→ **DATA EXTRACT**
========
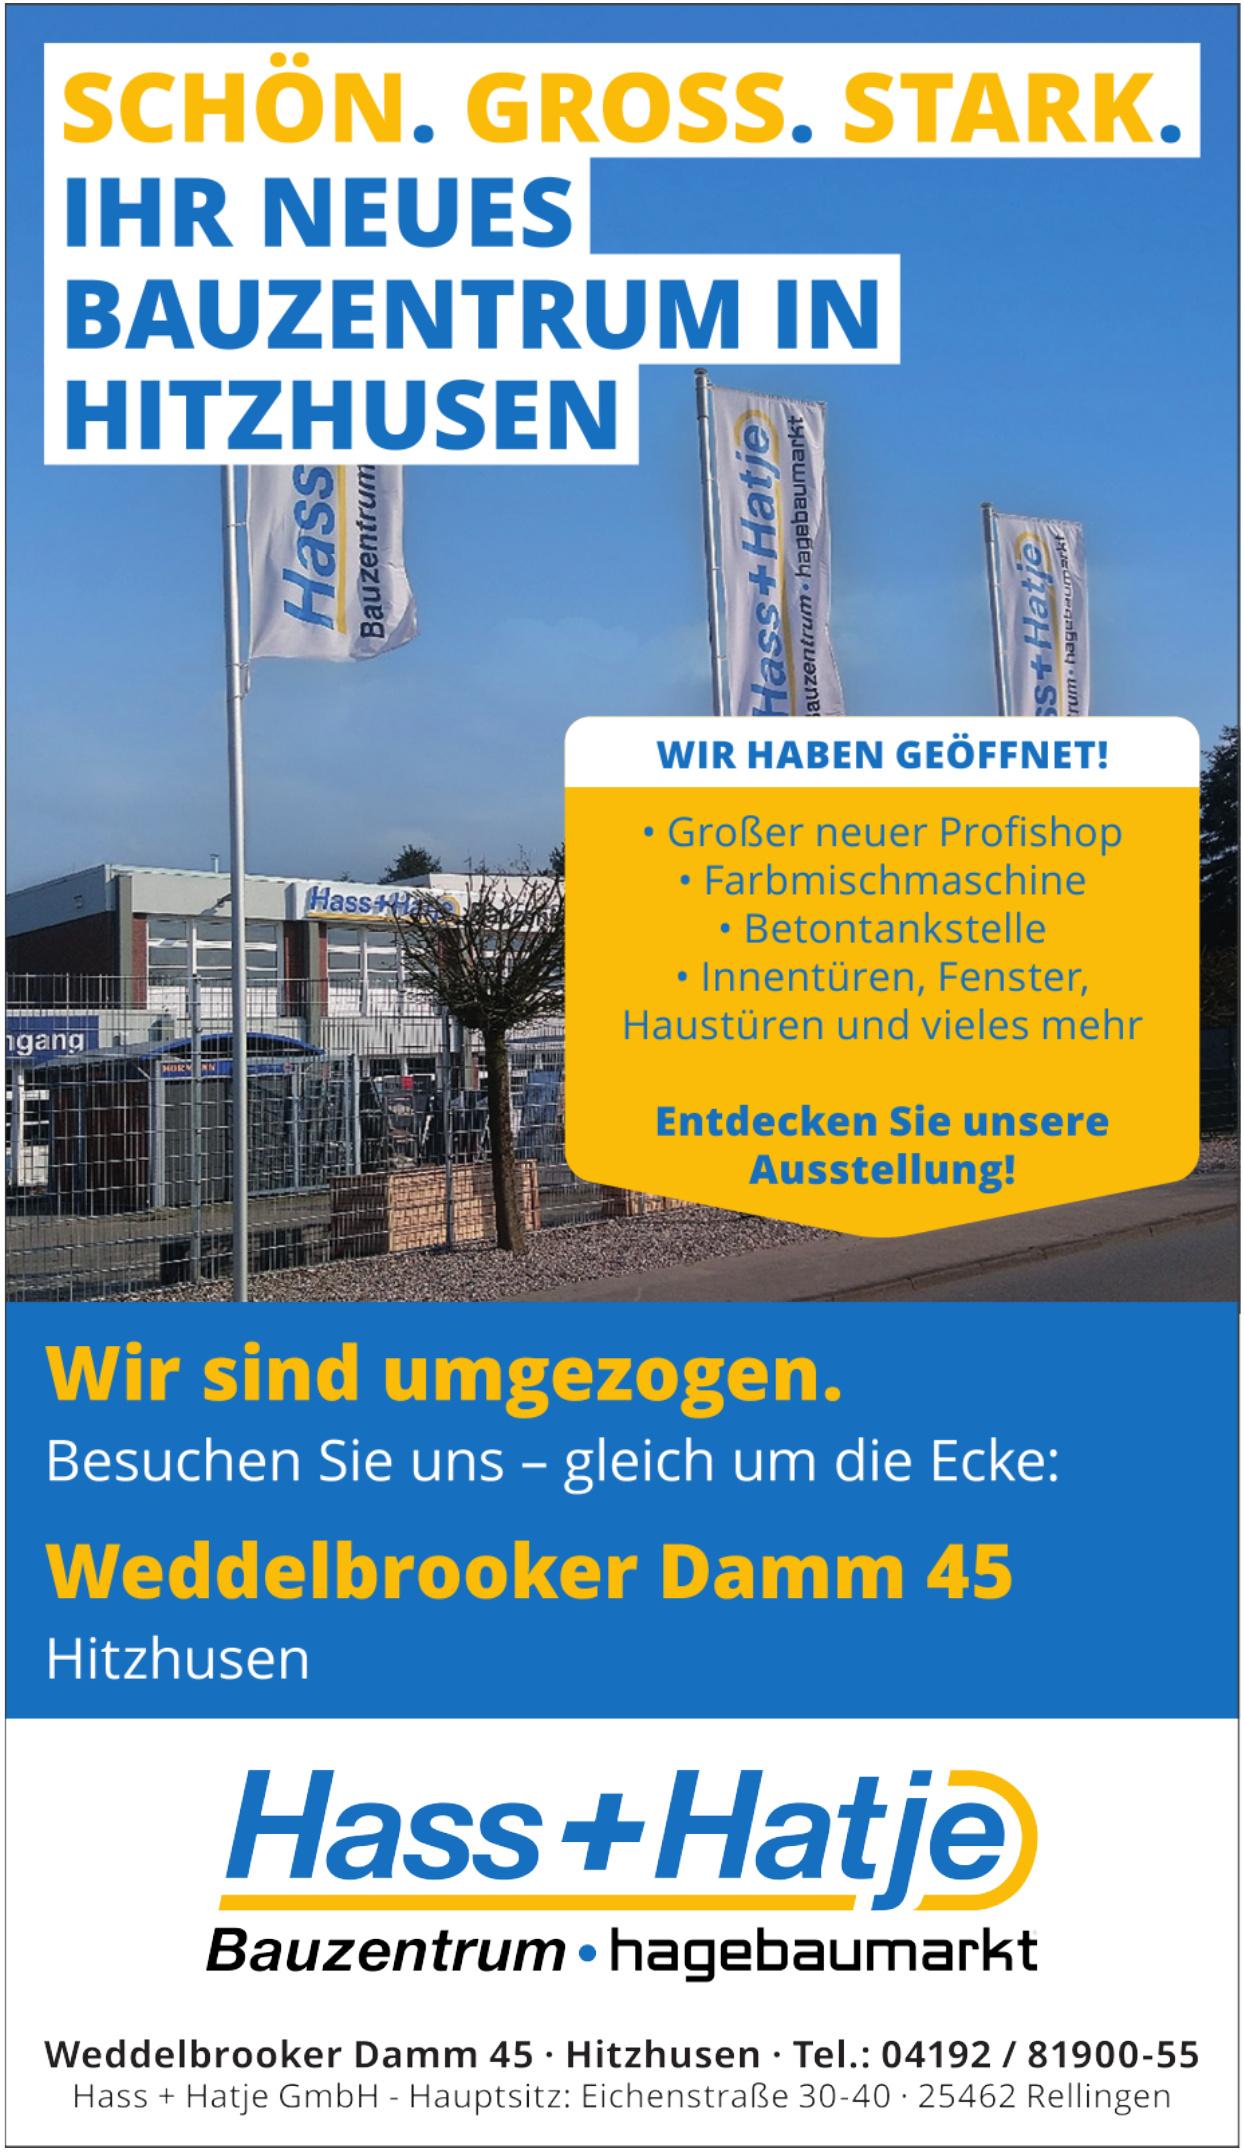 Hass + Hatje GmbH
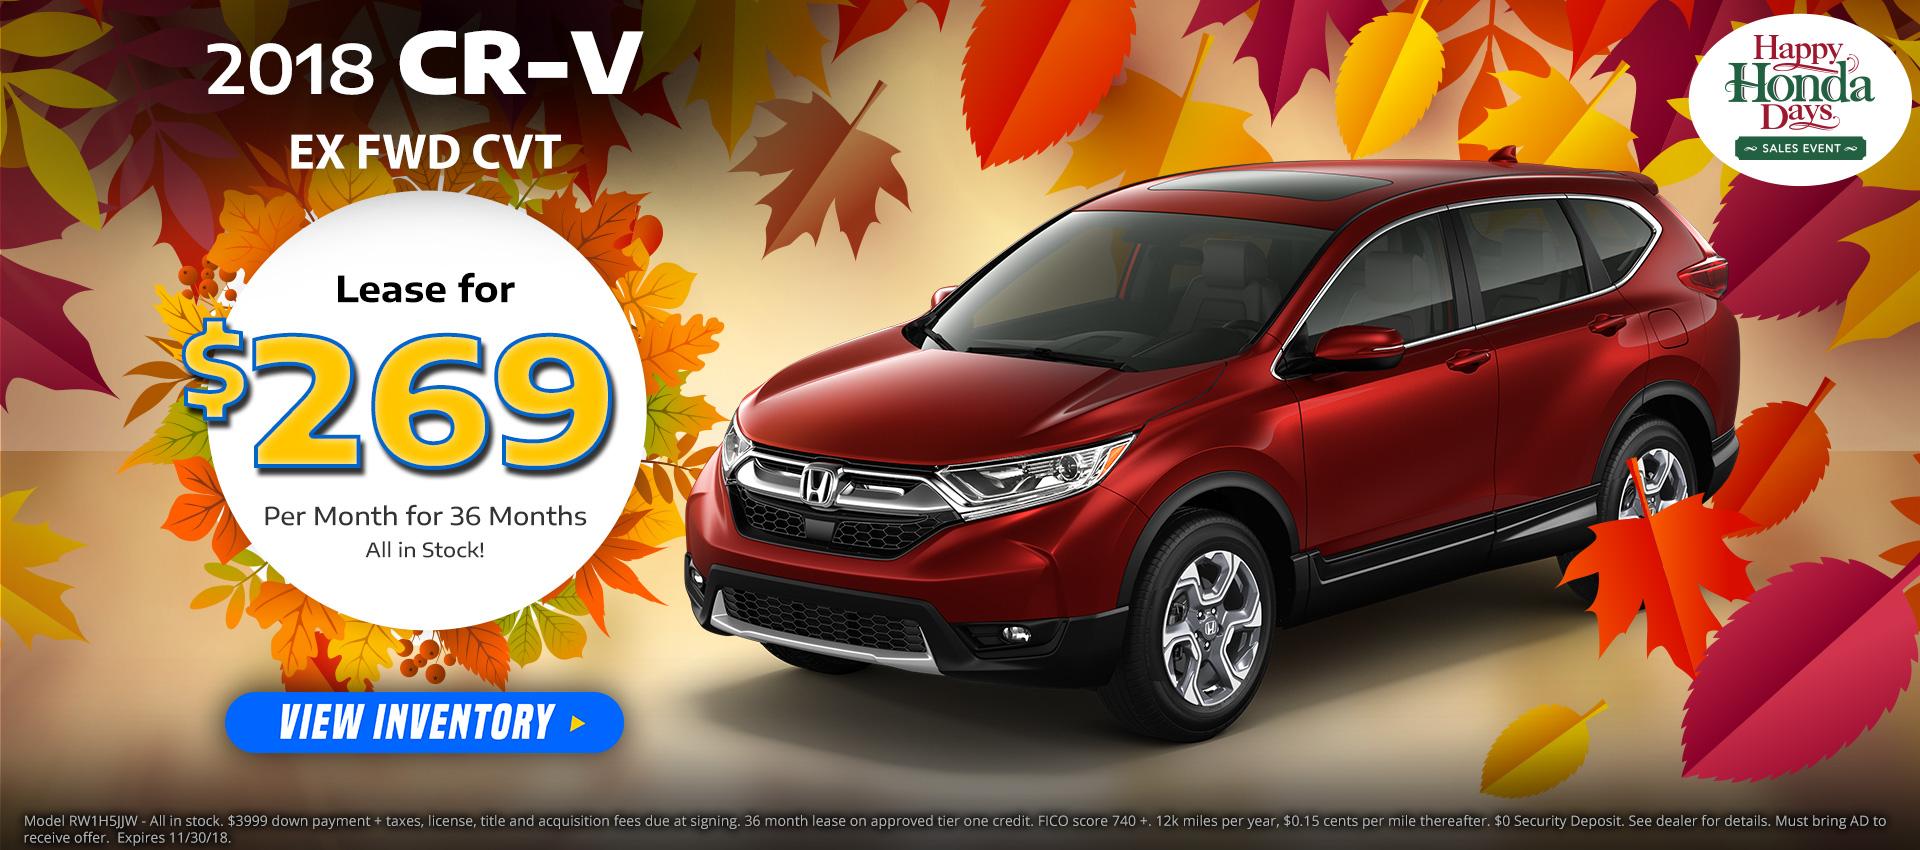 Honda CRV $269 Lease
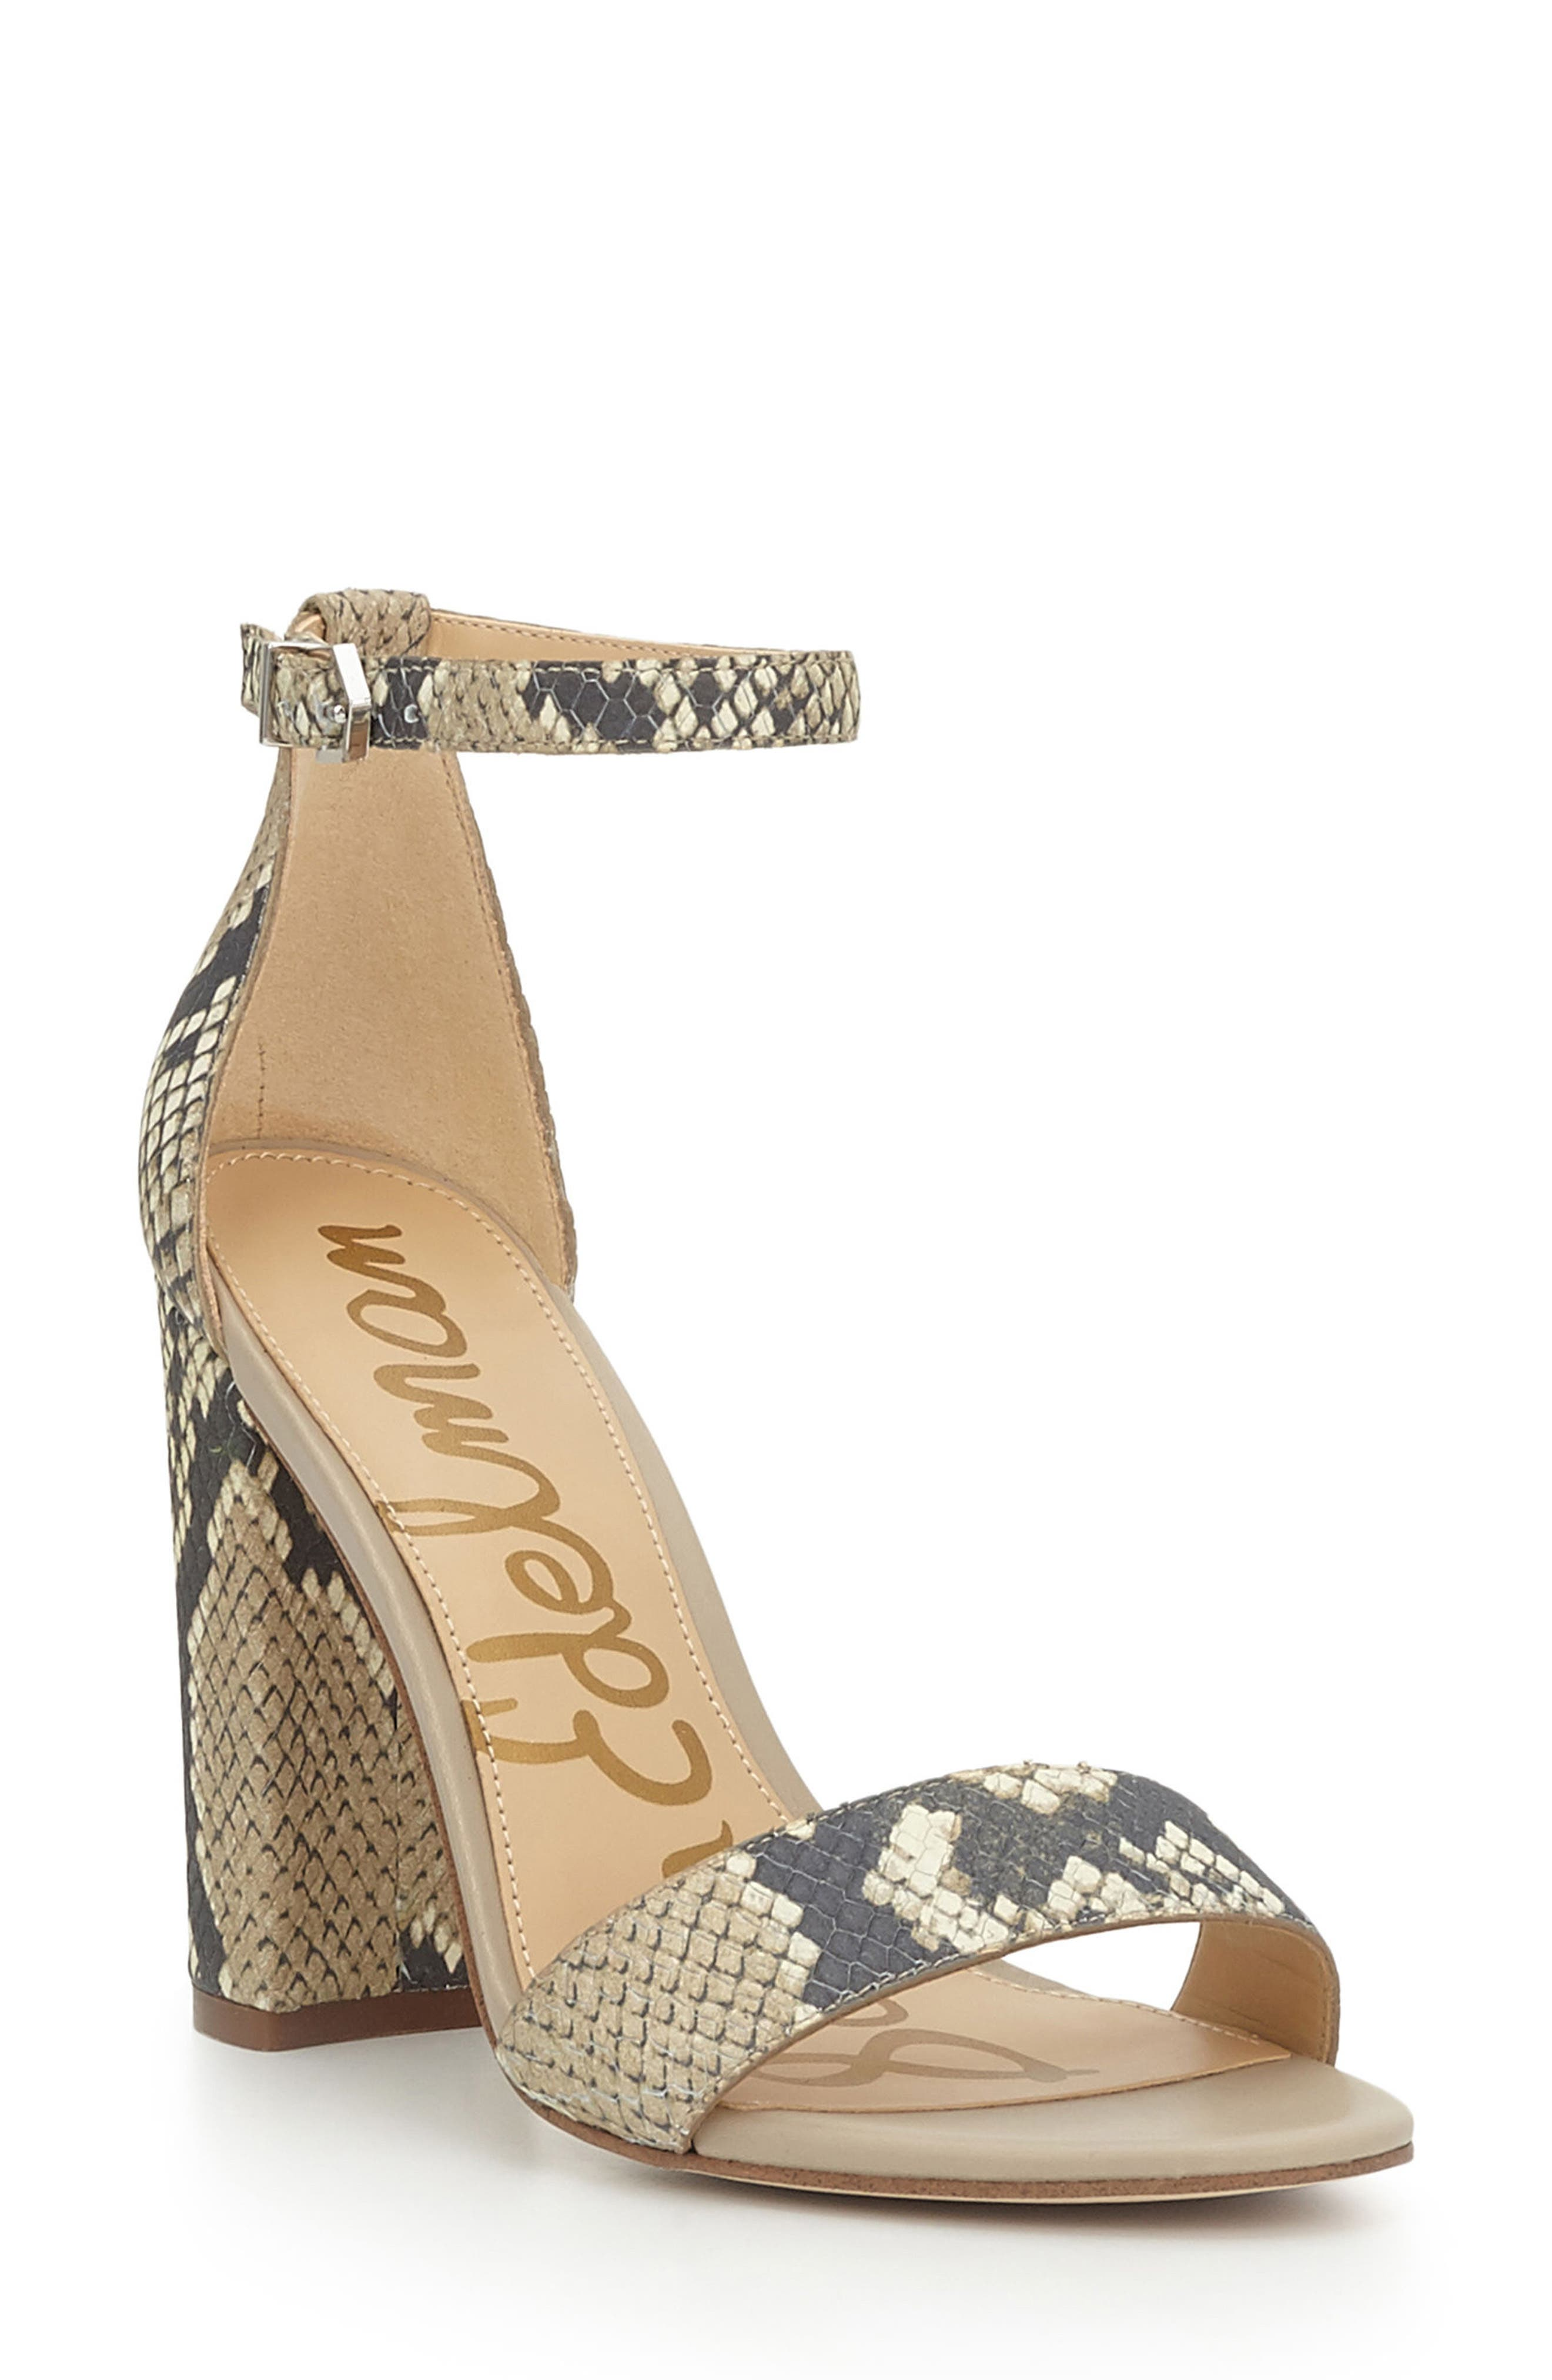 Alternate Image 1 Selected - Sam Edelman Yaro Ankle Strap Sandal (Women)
========
→ **TASK REQUIREMENTS**
Every word of the data should be reproduced exactly; please omit any pictures.

→ **RESULT OF THIS EXERCISE**
 Hass + Hatje GmbH
 Honda CRV $269 Lease
 Alternate Image 1 Selected - Sam Edelman Yaro Ankle Strap Sandal (Women)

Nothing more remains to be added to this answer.